Over the six months to Q1 2012 most of the key high streets across the EMEA region recorded no changes or just minor shifts in prime rental levels. Notable exceptions saw some core markets record an increase in prime rents, namely Vienna (14%), Hamburg (12%) and London (11%), as well as in the Baltic cities of Riga and Tallinn. In the UK it wasn’t only London which bucked the trend, Manchester (11%) and Edinburgh (9%) also saw rental growth. At the opposite end of the scale, Greece and Bulgaria saw the biggest falls, with prime rents in Athens and Sofia dropping 12% and 20% respectively. For these markets it has been a story of continuous decline since Q3 2010.
Shopping centre prime rents in the majority of monitored markets also remained stable. The most significant increases in terms of both six and twelve month periods were recorded in Glasgow (11% and 18%), Moscow (8% and 23%) and Belgrade (8% and 17%). Meanwhile Cairo’s rents went down a dramatic 24% - no doubt due to the uncertainty surrounding Egypt’s political and economic situation, with both occupiers and investors awaiting June’s election results before committing to the market.
Continuing the trend for stability in core real estate across much of the EMEA region, the vast majority of high street prime yields remained unchanged. Mild compression (between -10 and -25 bps) took place in the German cities of Stuttgart, Frankfurt and Dusseldorf. In Helsinki yields dropped by 35 bps to 6% and in Riga further compression was recorded with prime yields standing at 9% in Q1 2012, a -50 bps shift. A significant upward shift of 50 bps took place in Athens as the Greek economy remains in recession with poor retail sales and faint interest from investors.
A similar situation was observed in the case of prime shopping centre yields, with most of the markets reporting flat yields over the six month period. Yield compression took place in the Eastern European markets of Bratislava (-25 bps), Riga (-25 bps) and Vilnius (-50 bps). A minor upward shift (25 bps) was recorded across a number of British regional centres where investors’ activity has weakened. But it was Cairo which saw the biggest change, with a massive increase of prime yields (100 bps) highlighting faltering investor sentiment towards Egyptian retail as outlined above.
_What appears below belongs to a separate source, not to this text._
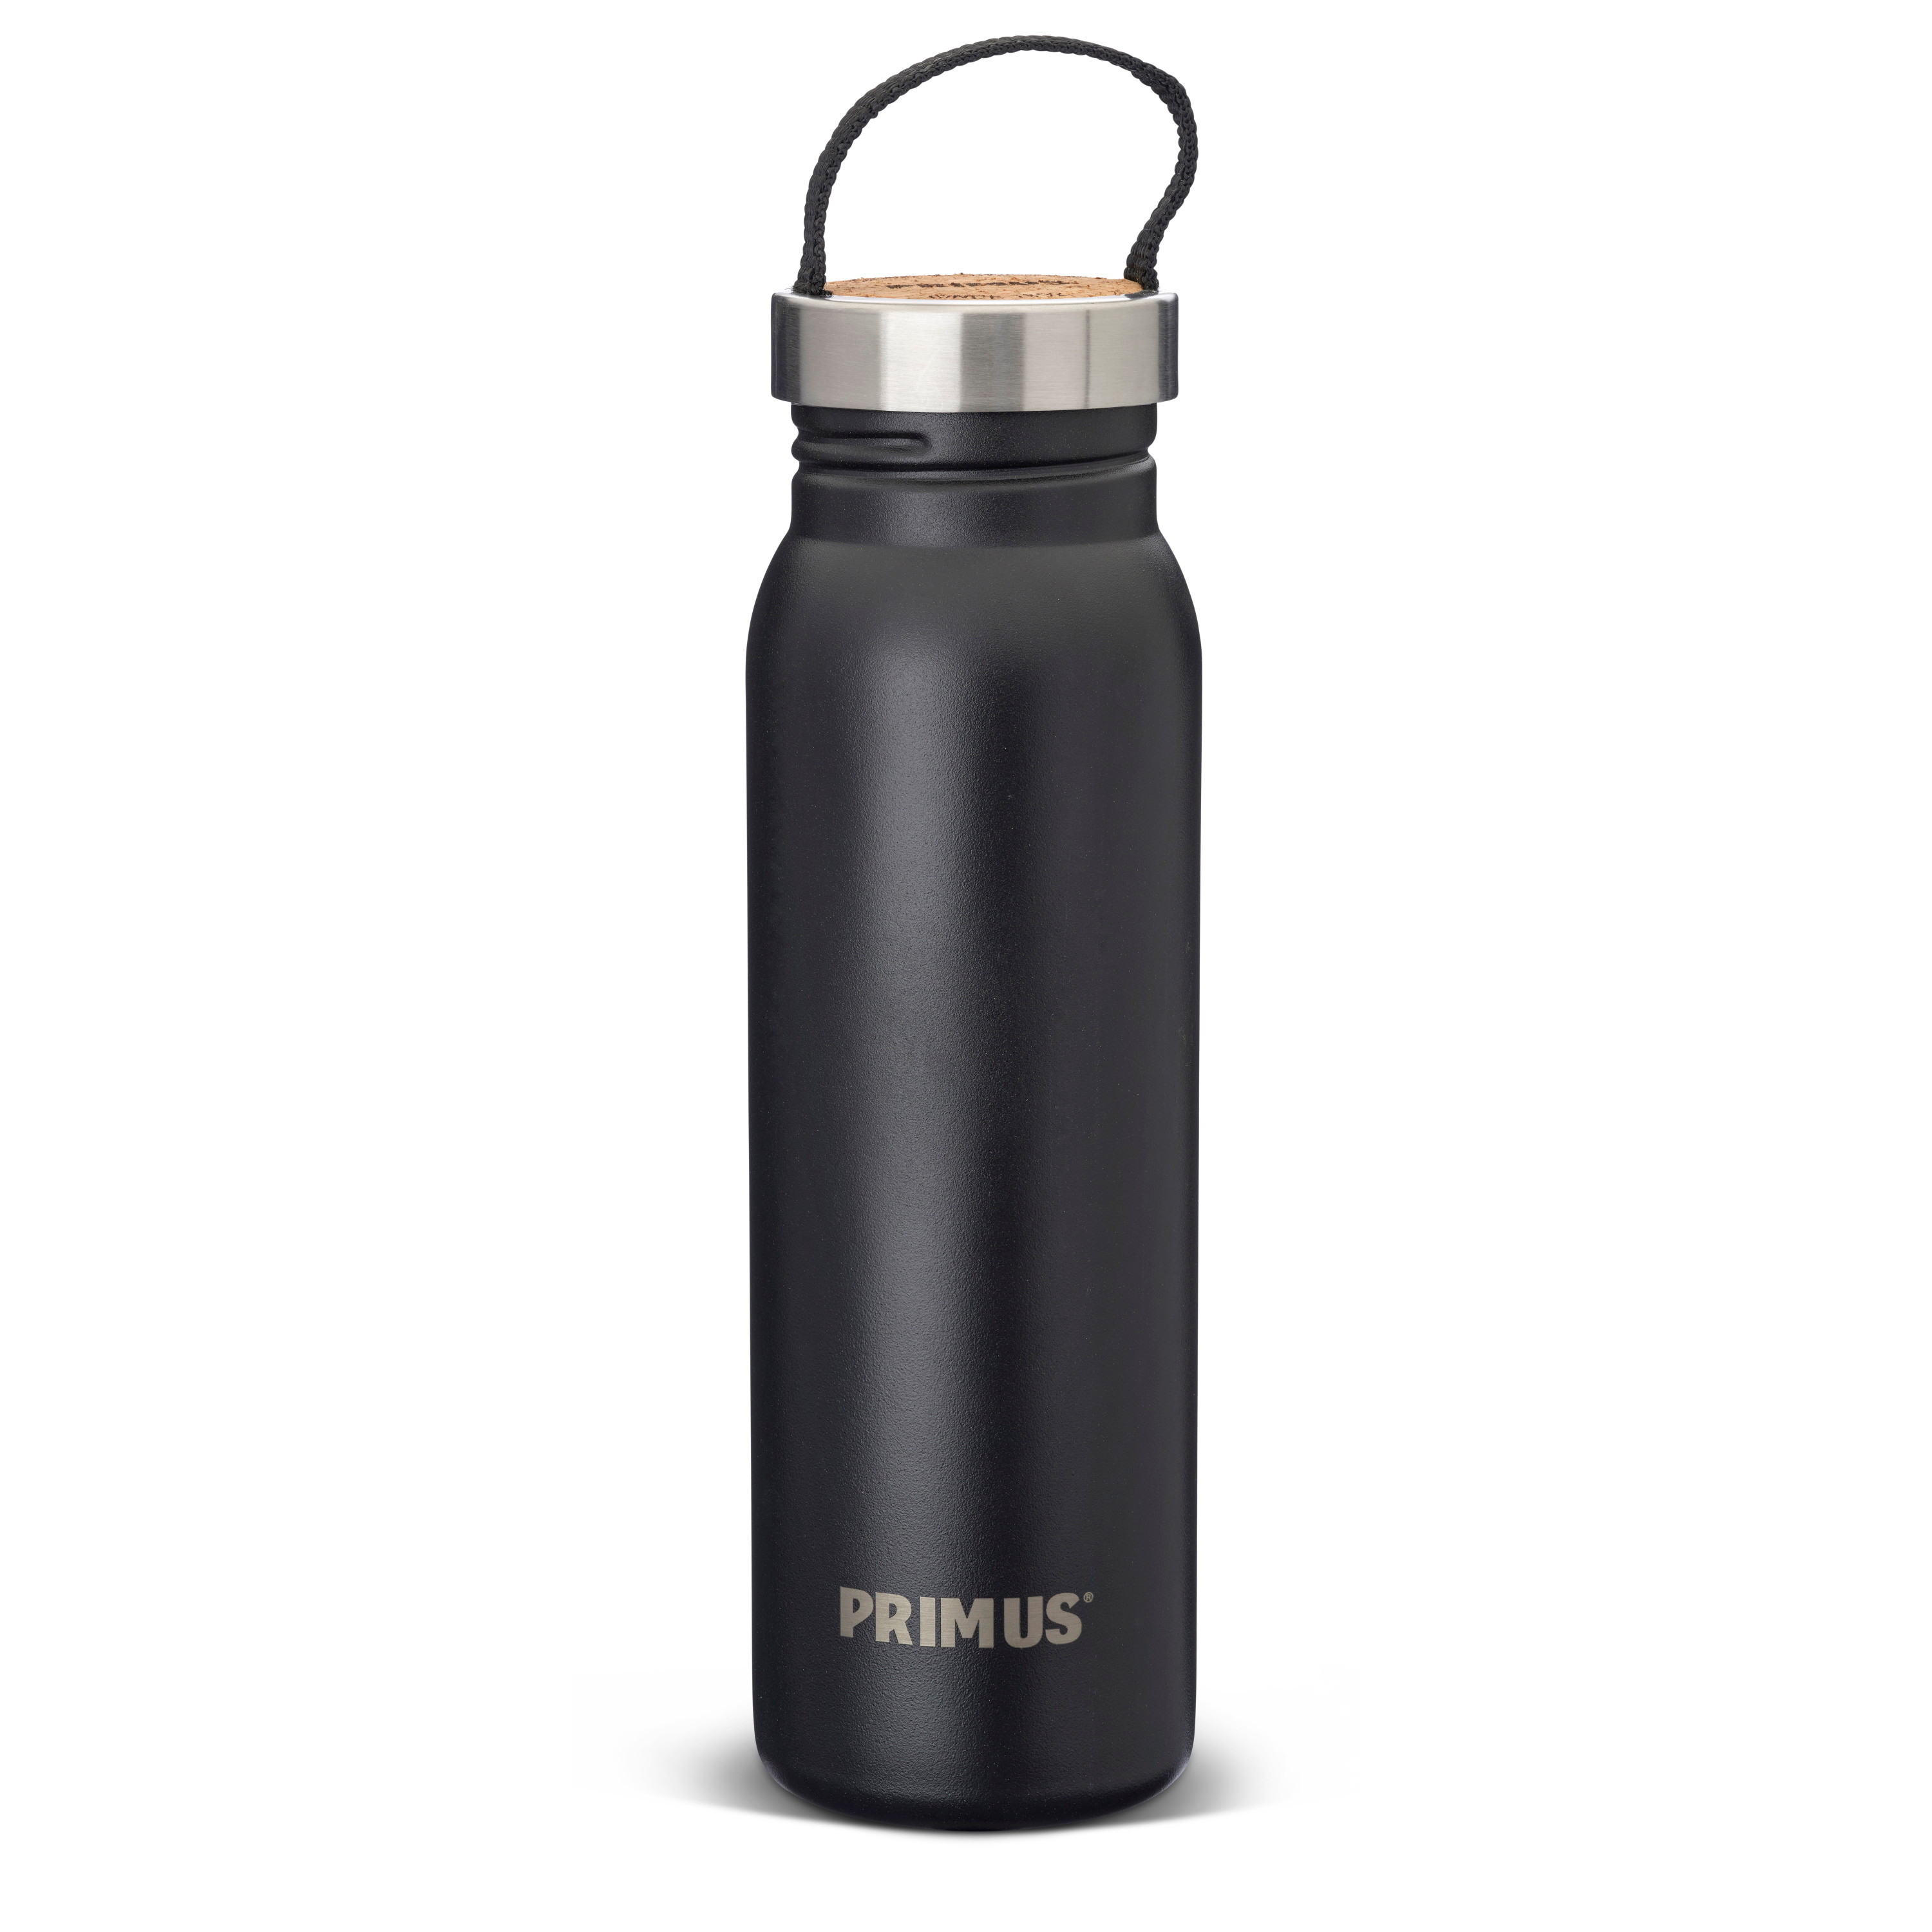 Primus Klunken Bottle 0.7 L Black

Stuart La Frenais, Head of EMEA Retail, commented: “Unsurprisingly, the occupier market remains key to rental growth and yield compression. Economic uncertainty across the EMEA region means consumers have grown more cautious about their spending. The expenditure that we are seeing is increasingly being spent online, as well as in prime retail locations, where greater choice is available and a more fulfilling shopping experience can be provided.
“High end fashion brands which have been recording increasing interest from customers can expect continued growth. Further increases in prime high street rents are anticipated in the strong retail markets of London, Frankfurt, Hamburg, Moscow and St Petersburg.
“Yields are expected to remain flat in the vast majority of the monitored markets, with compression forecast for London and St Petersburg. Prime retail locations which continue to draw international retailers will remain within the sphere of investor’s interest. No fast recovery should be expected for the weakest markets.
“In summary, the region’s prime markets are expected to remain stable despite economic uncertainty. Greece and Egypt, which prove the exception to the rule, have been impacted heavily by their own economic and political situations.”